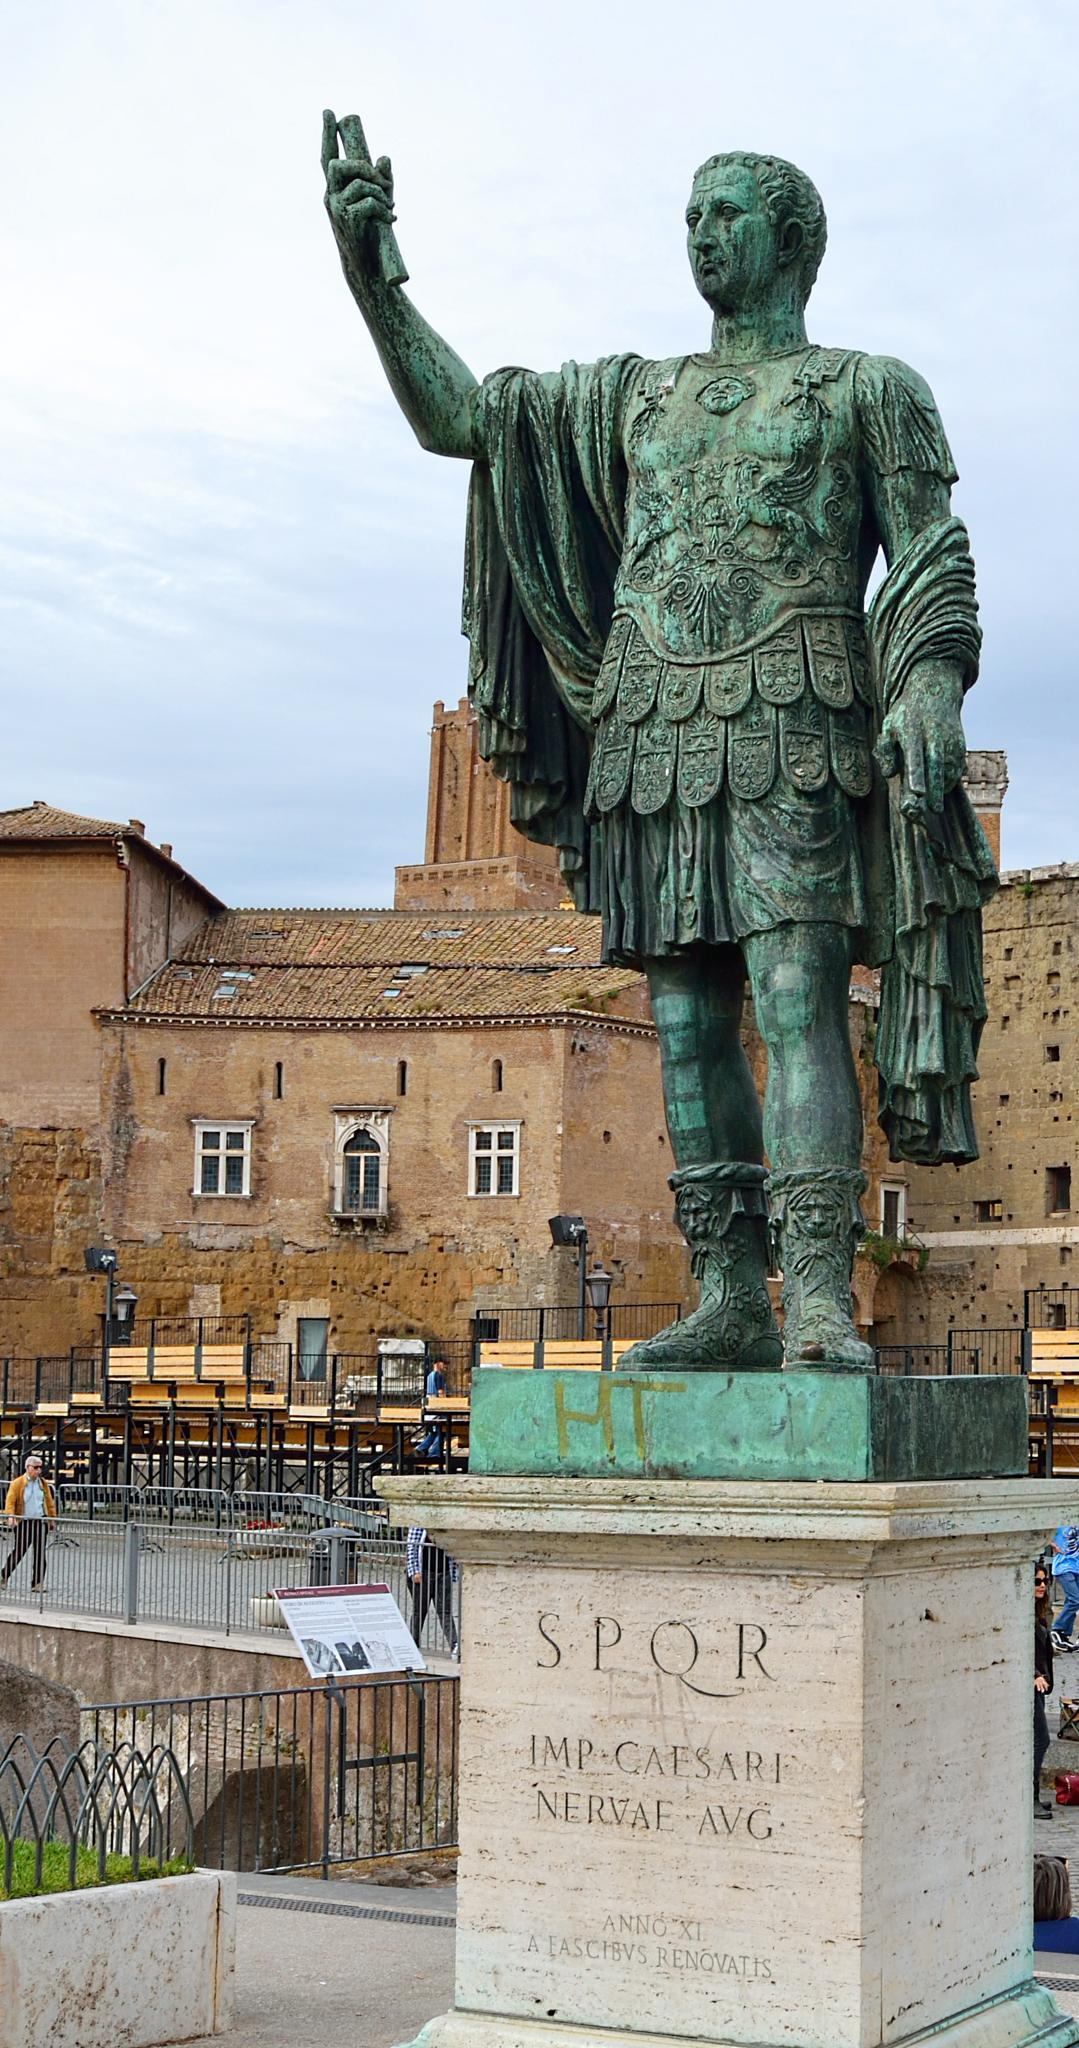 Estatua de Cesar Augusto - Statua di Cesare Augusto - Statue of Cesar Augusto by cjcastromm
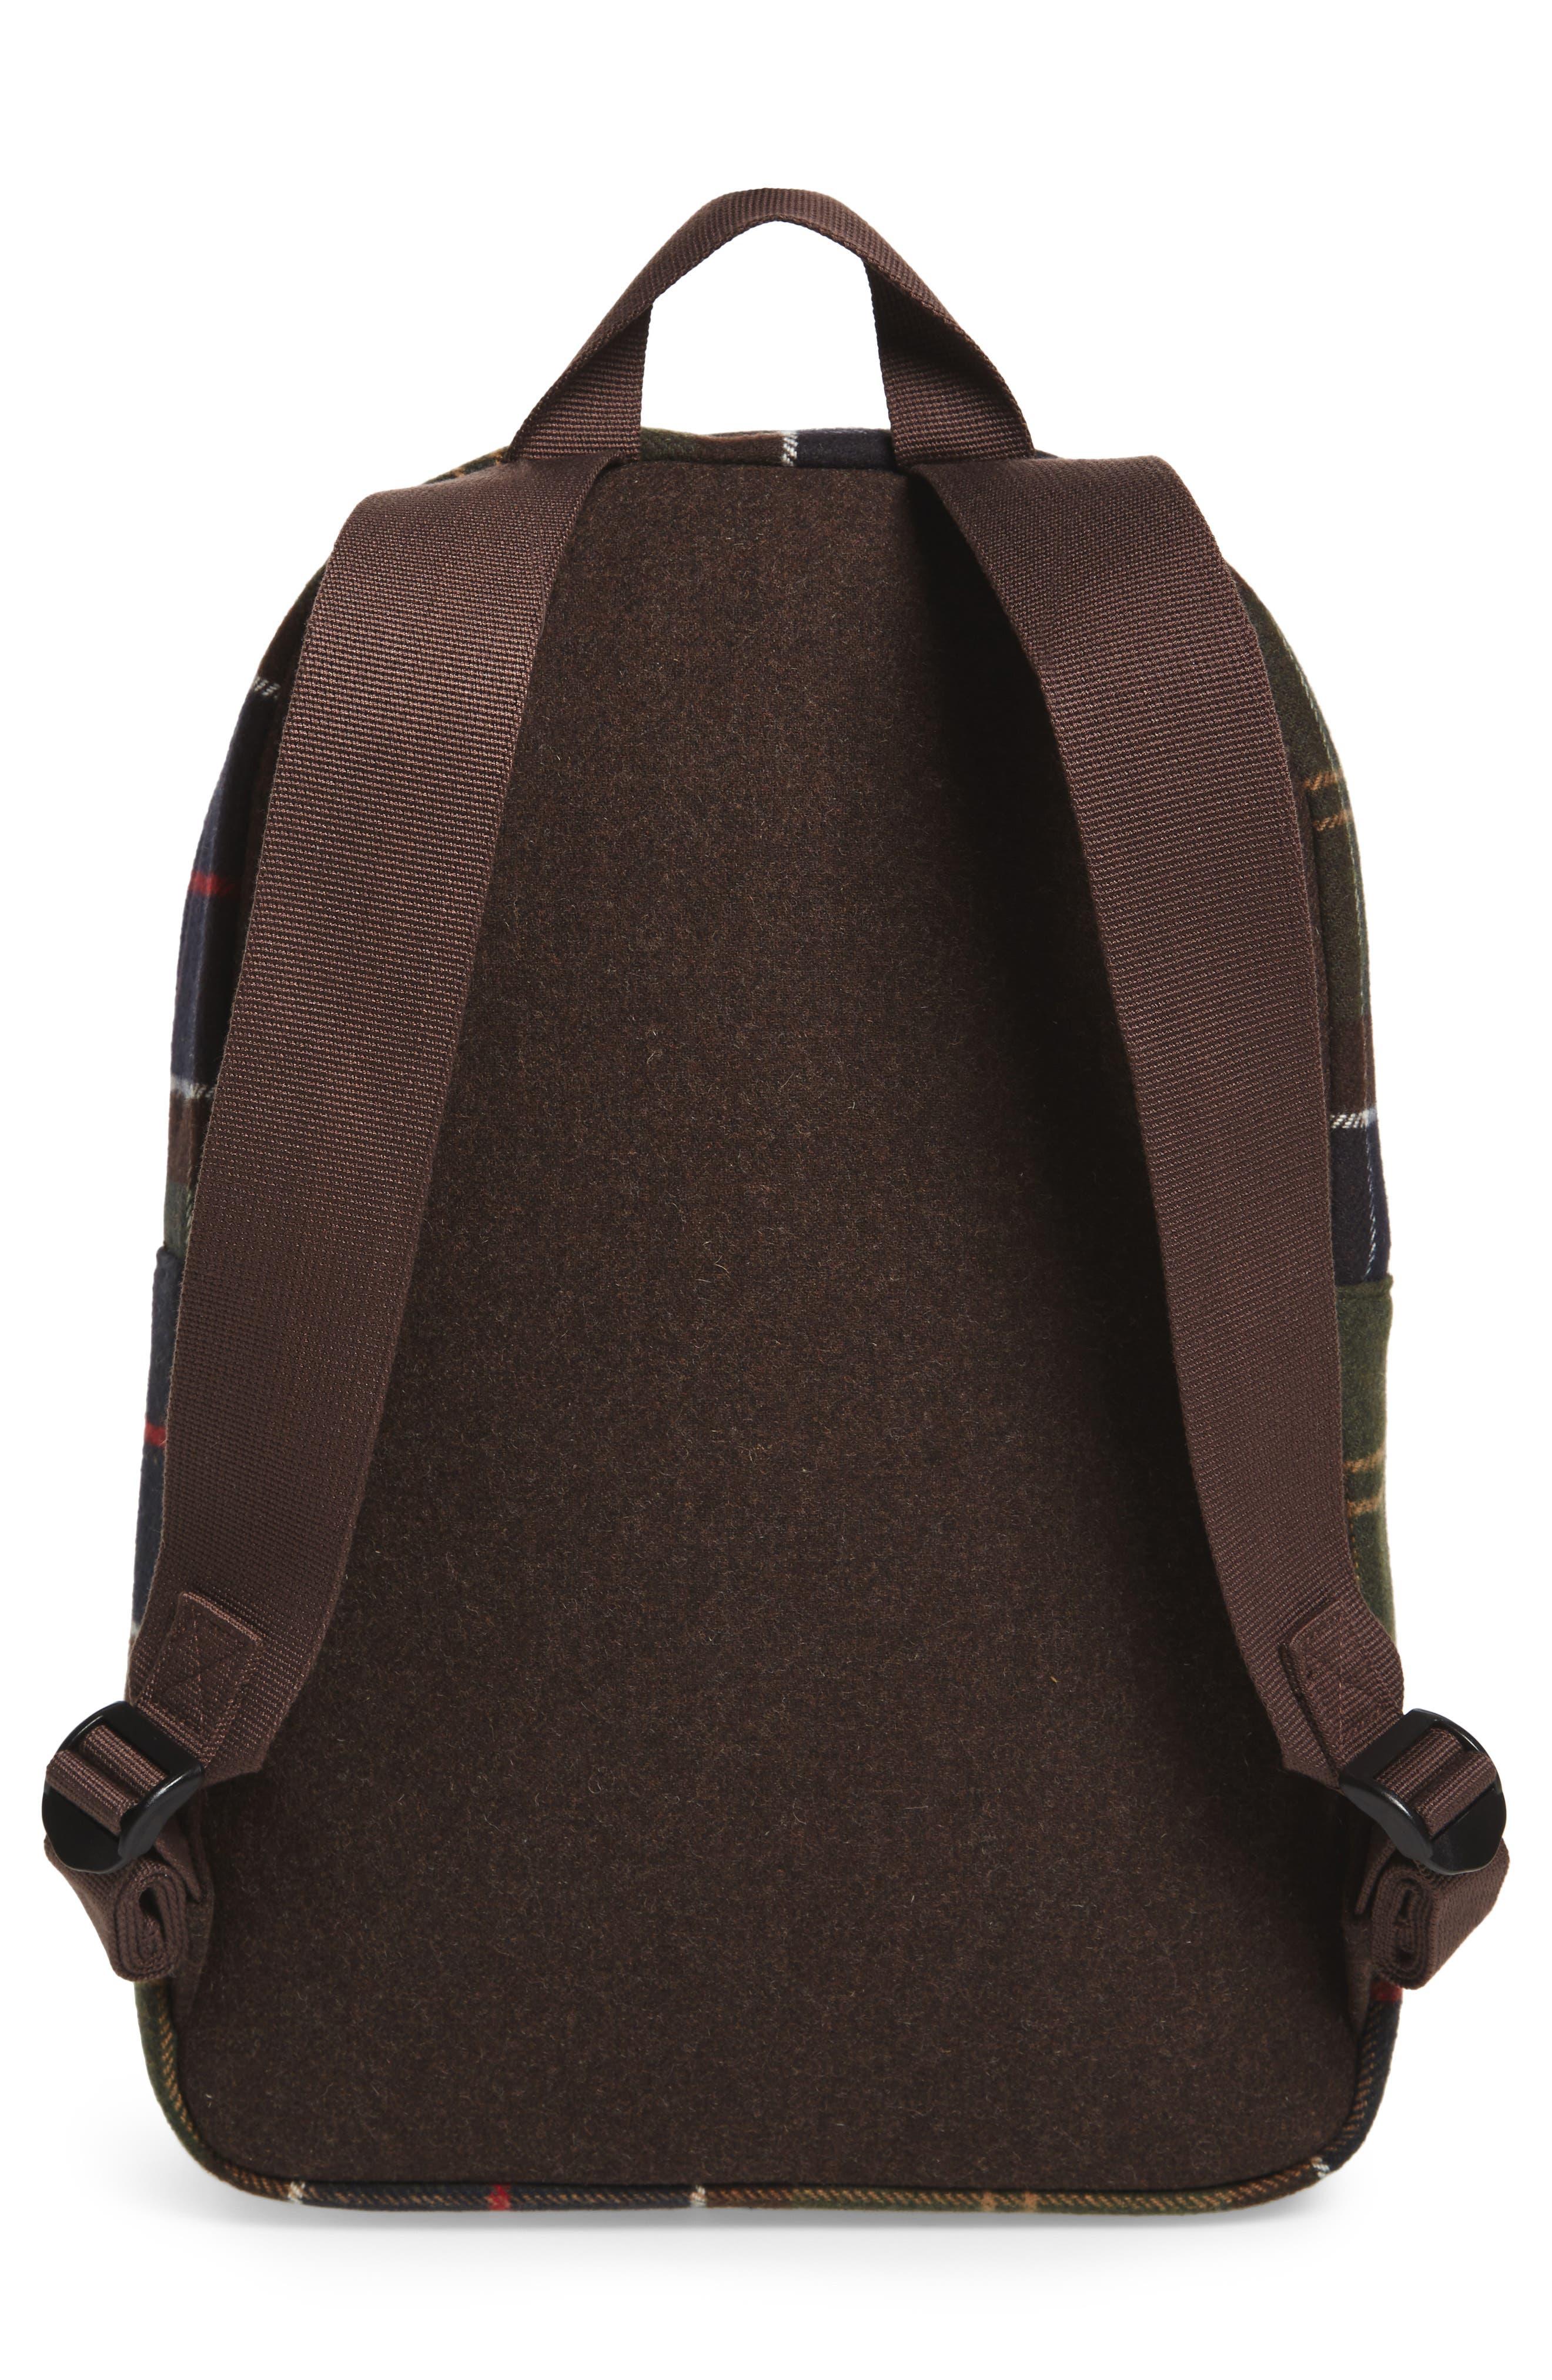 Carrbridge Backpack,                             Alternate thumbnail 3, color,                             300
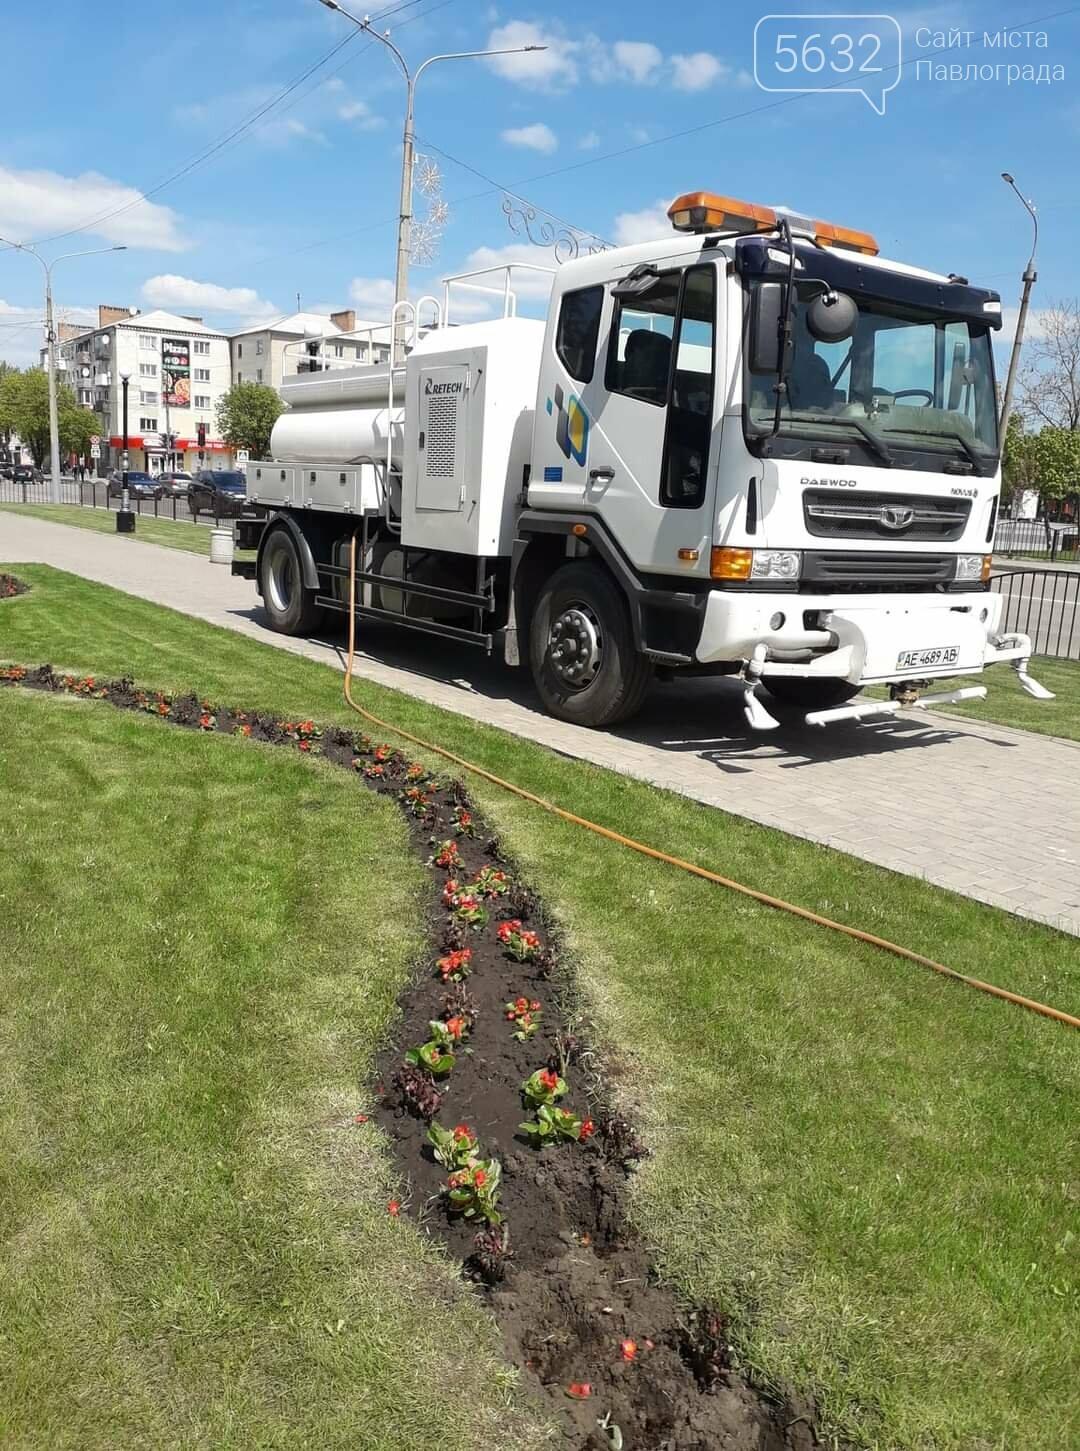 Для свадебных фотосессий в Павлограде готовят новую цветочную локацию в центре города, фото-5

__AIM OF THE TASK__
Transcribe all of the material exactly, leaving out whatever pictures it contains.

__RESPONSE BELOW__
 Estatua de Cesar Augusto - Statua di Cesare Augusto - Statue of Cesar Augusto by cjcastromm
 Carrbridge Backpack,                             Alternate thumbnail 3, color,                             300
 Для свадебных фотосессий в Павлограде готовят новую цветочную локацию в центре города, фото-5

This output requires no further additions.